Matheny recalls emotional first game after 9/11

September 11th, 2016

ST. LOUIS -- The Cardinals, along with other teams across MLB, held a pregame ceremony and moment of silence in remembrance of those who died on September 11, 2001, on Sunday. Teams wore hats with American flags on the side, with the sale of the caps benefiting the 9/11 Memorial and Museum, the Pentagon Memorial and the Flight 93 Memorial. Each team also used special lineup cards and base jewels as part of the remembrance.
Six days after the attacks, baseball resumed with the Cardinals opening a set against the Brewers in St. Louis. Late Cardinals radio play-by-play announcer Jack Buck read a poem he wrote titled "For America" as part of a pregame ceremony that included firefighters and policemen on the warning track with an American flag unfurled on the outfield grass.

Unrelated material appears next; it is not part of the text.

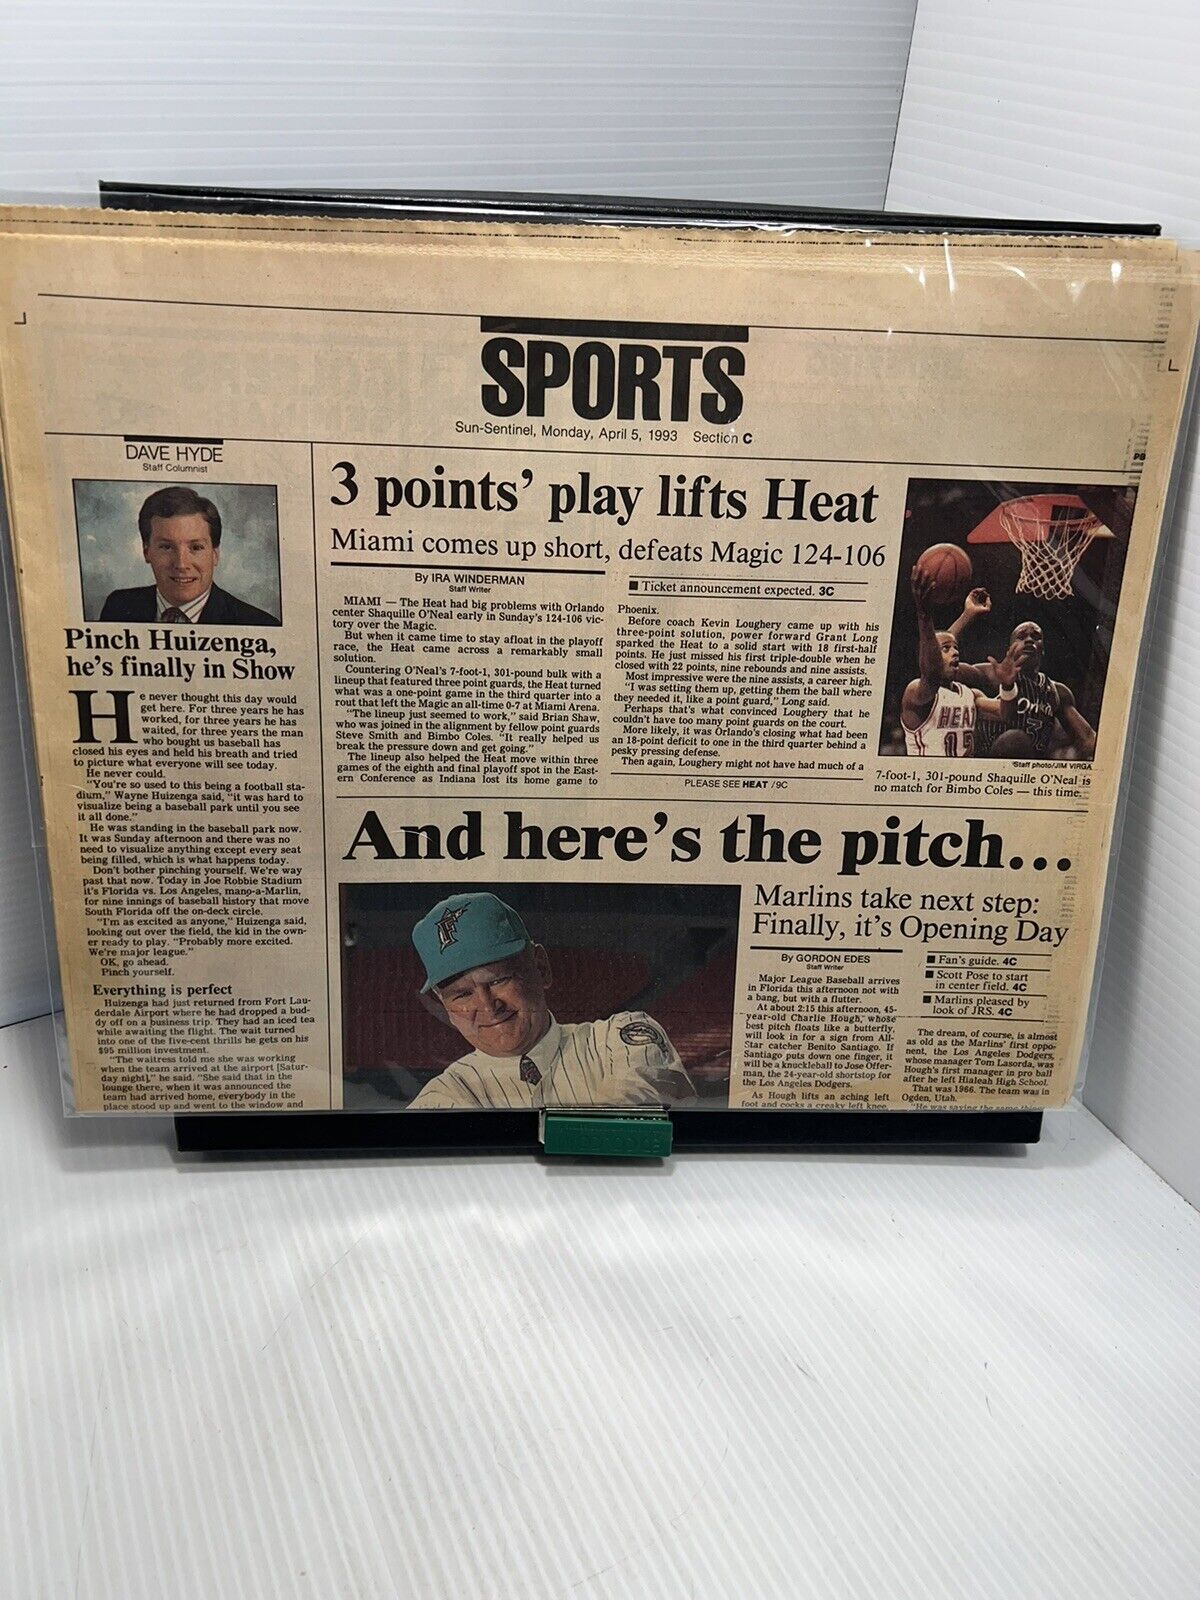 Florida Marlins Inaugural 1993 Newspaper - Sports Section “C” Excellent Cond

His voice cracked with emotion and his hands shook due to Parkinson's disease, which ailed Buck in his later years.
"I thought that summarized better than we could verbalize, most of us as players and people involved in the game, the privilege and responsibility of this game to move forward," Cardinals manager Mike Matheny said Sunday. "It was very well said, and the timing was perfect."

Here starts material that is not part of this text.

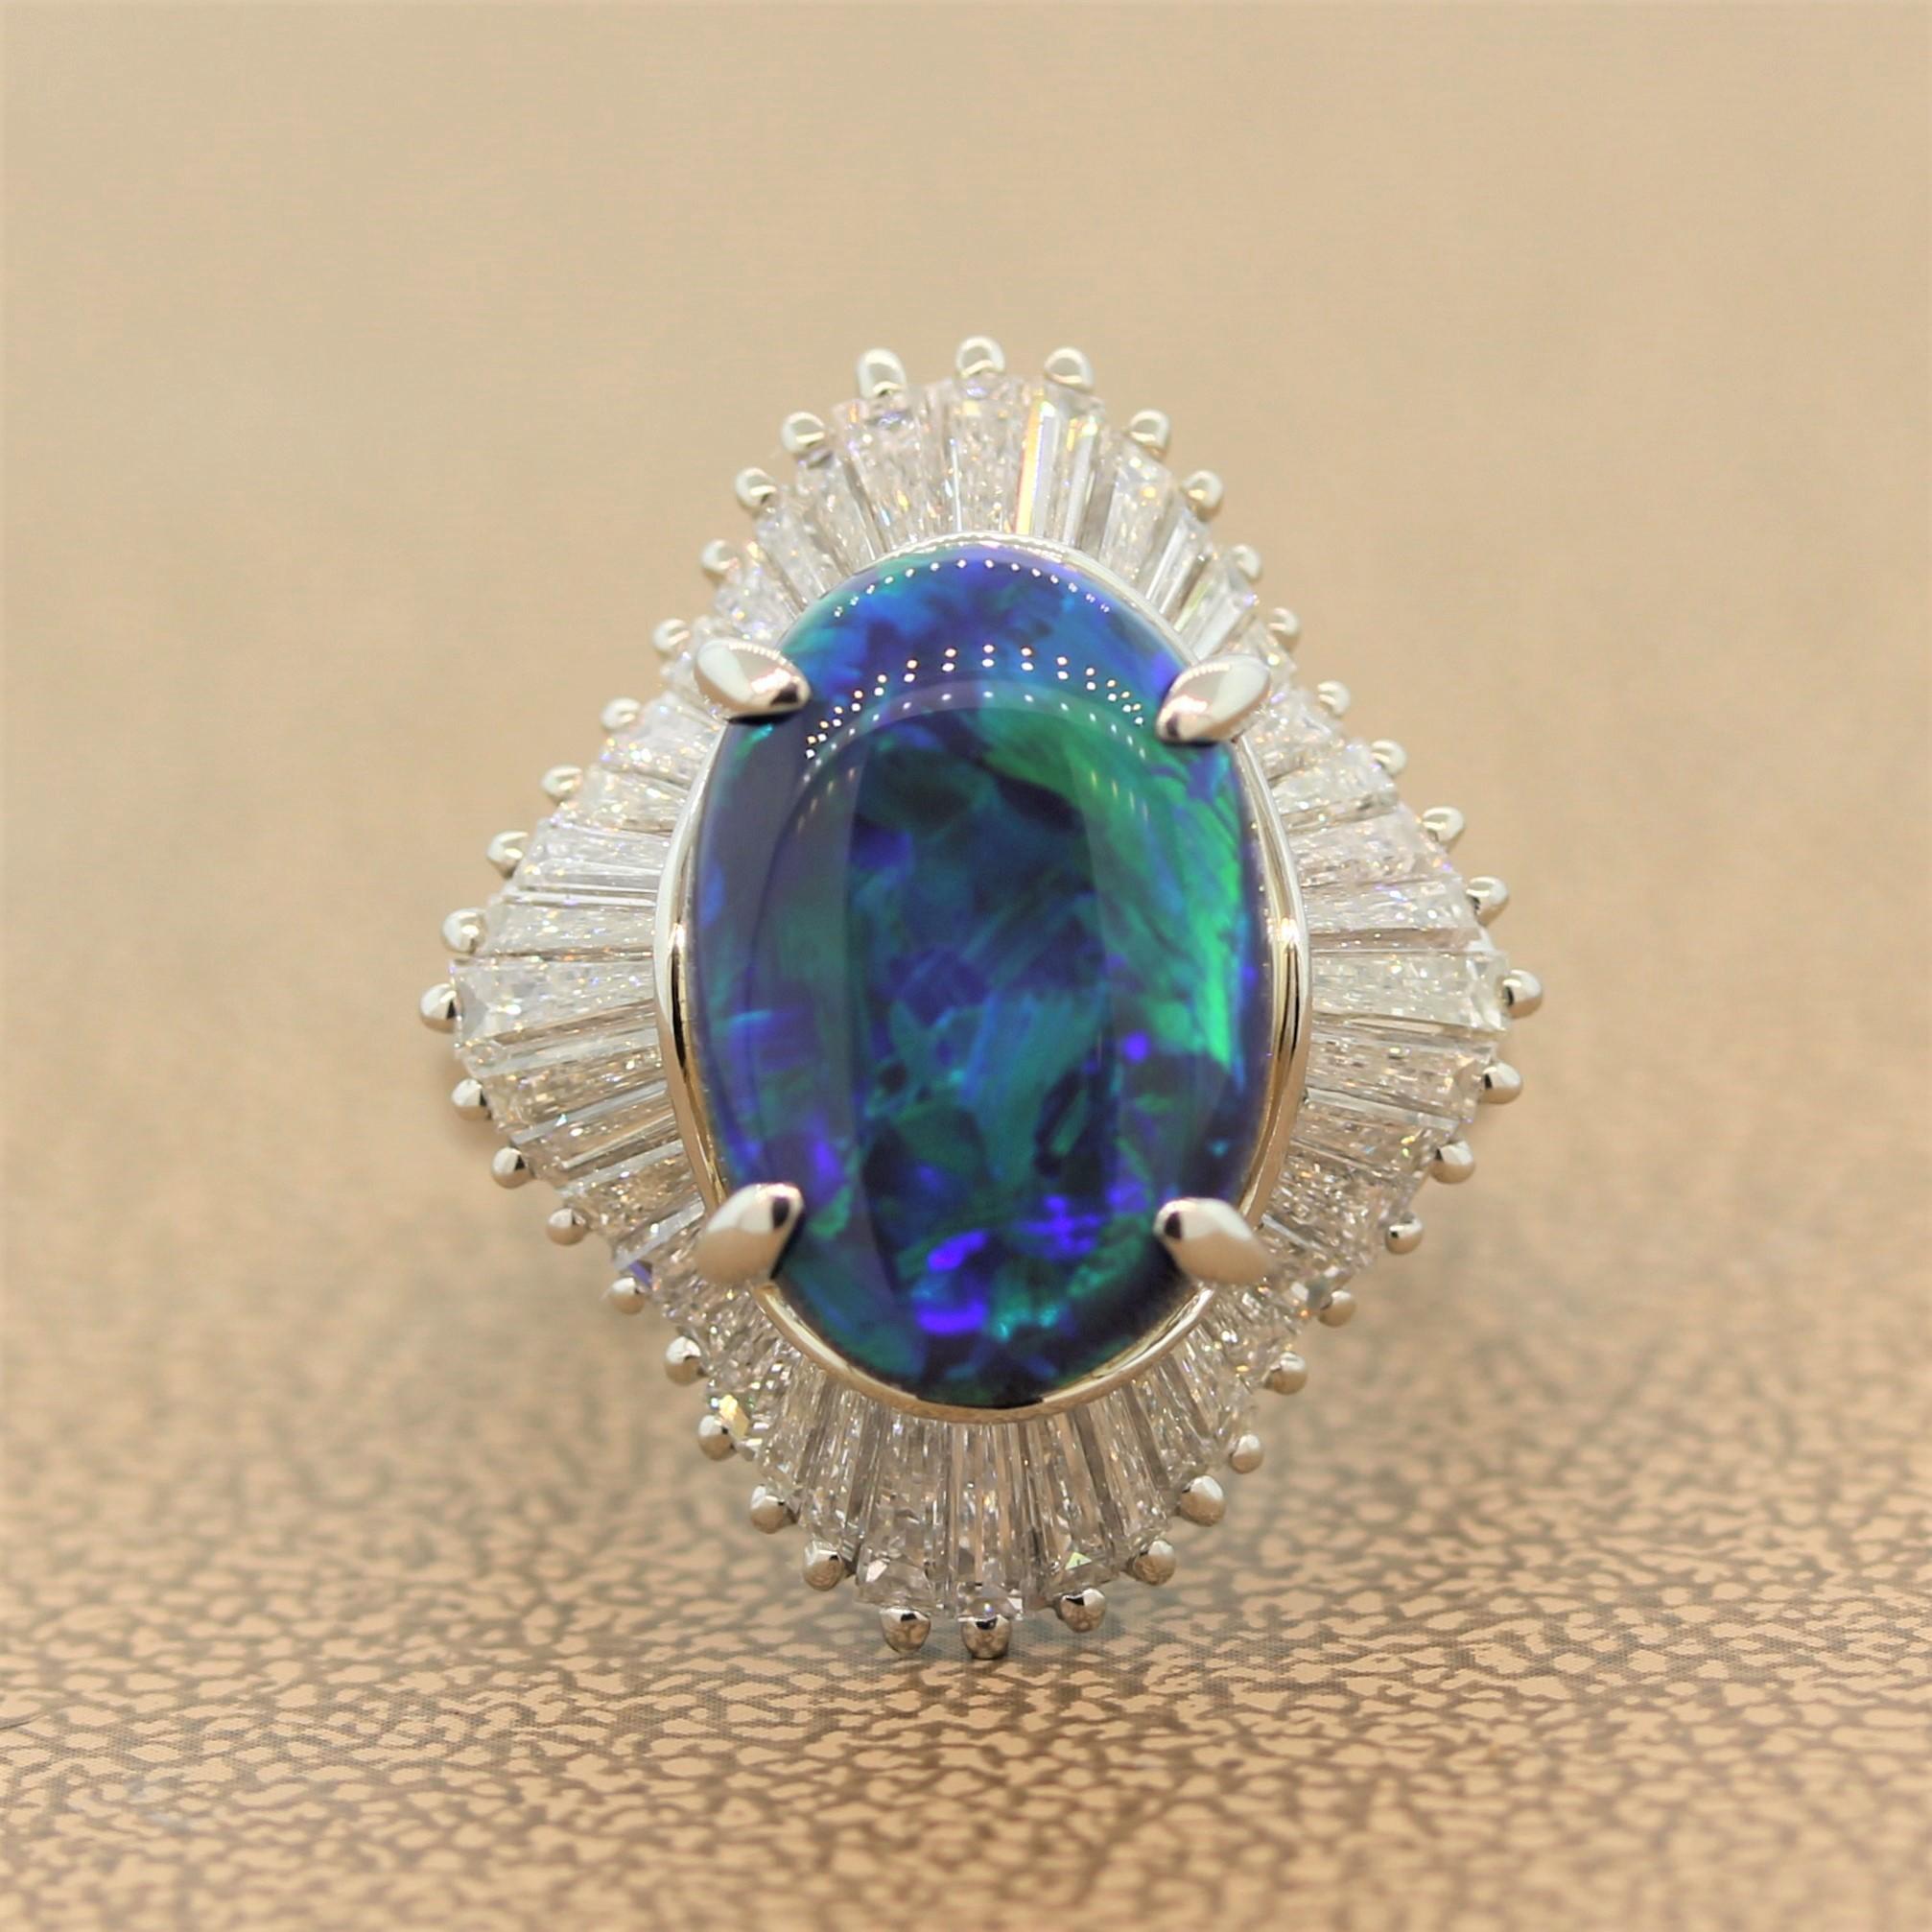 A perfect cocktail ring for day and night featuring a gem 4.83 carat black opal. The Australian opal shows bright and strong flashes or blue and green over a deep dark black body color enhancing the play of color from the opal. It is haloed by 2.25

The conversation surrounding when baseball and other professional sports leagues should return to action after the attacks was delicate. That night, Buck asked the question to the crowd and answered emphatically himself: "Should we be here? Yes!"
"It was somber," Matheny said of the atmosphere in the stadium. "Anybody who was in a large group of people, there was a lot of uncertainty. It was cautious. [We were] wondering what was next and how we were going to respond as a nation following our president and military leaders and trying to support them, but also realizing the impact a game can have in helping the healing process."

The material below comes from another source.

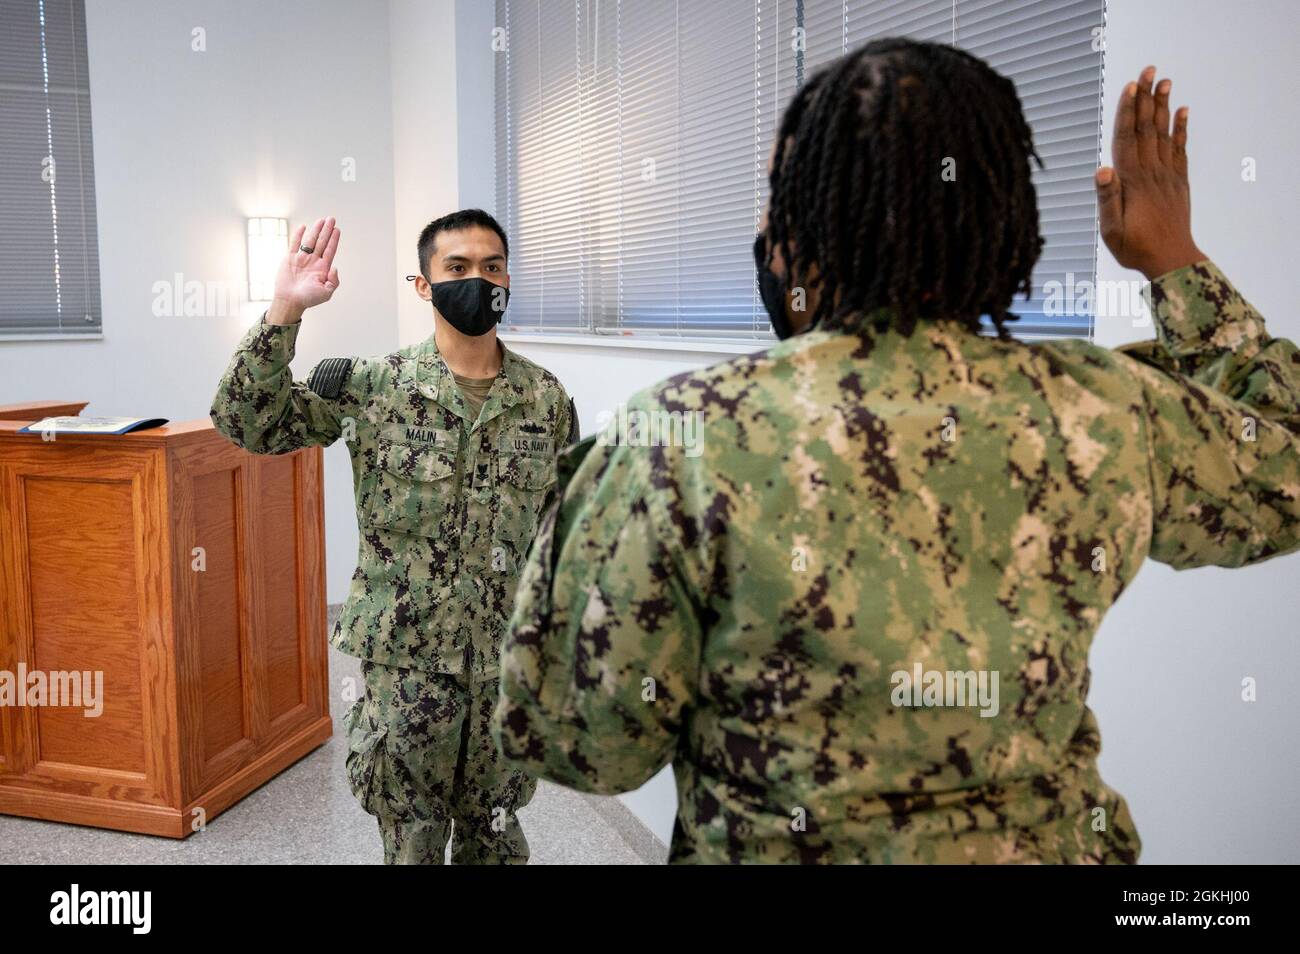 WASHINGTON, DC (April 23, 2021) – Religious Program Specialist 2nd Class Arvin Malin recites the oath of enlistment during a ceremony onboard Washington Navy Yard. Stock Photo

The Brewers experience playing an away game was something the team hadn't experienced before, or since.
"I remember landing at Lambert [International Airport in St. Louis], getting on busses and going to the hotel we stayed at the time, which was mostly empty," Brewers traveling secretary Dan Larrea said. "Of the capacity of the hotel, they were only 30 percent filled. And of that 30 percent, we represented 90 percent. They were happy to have us."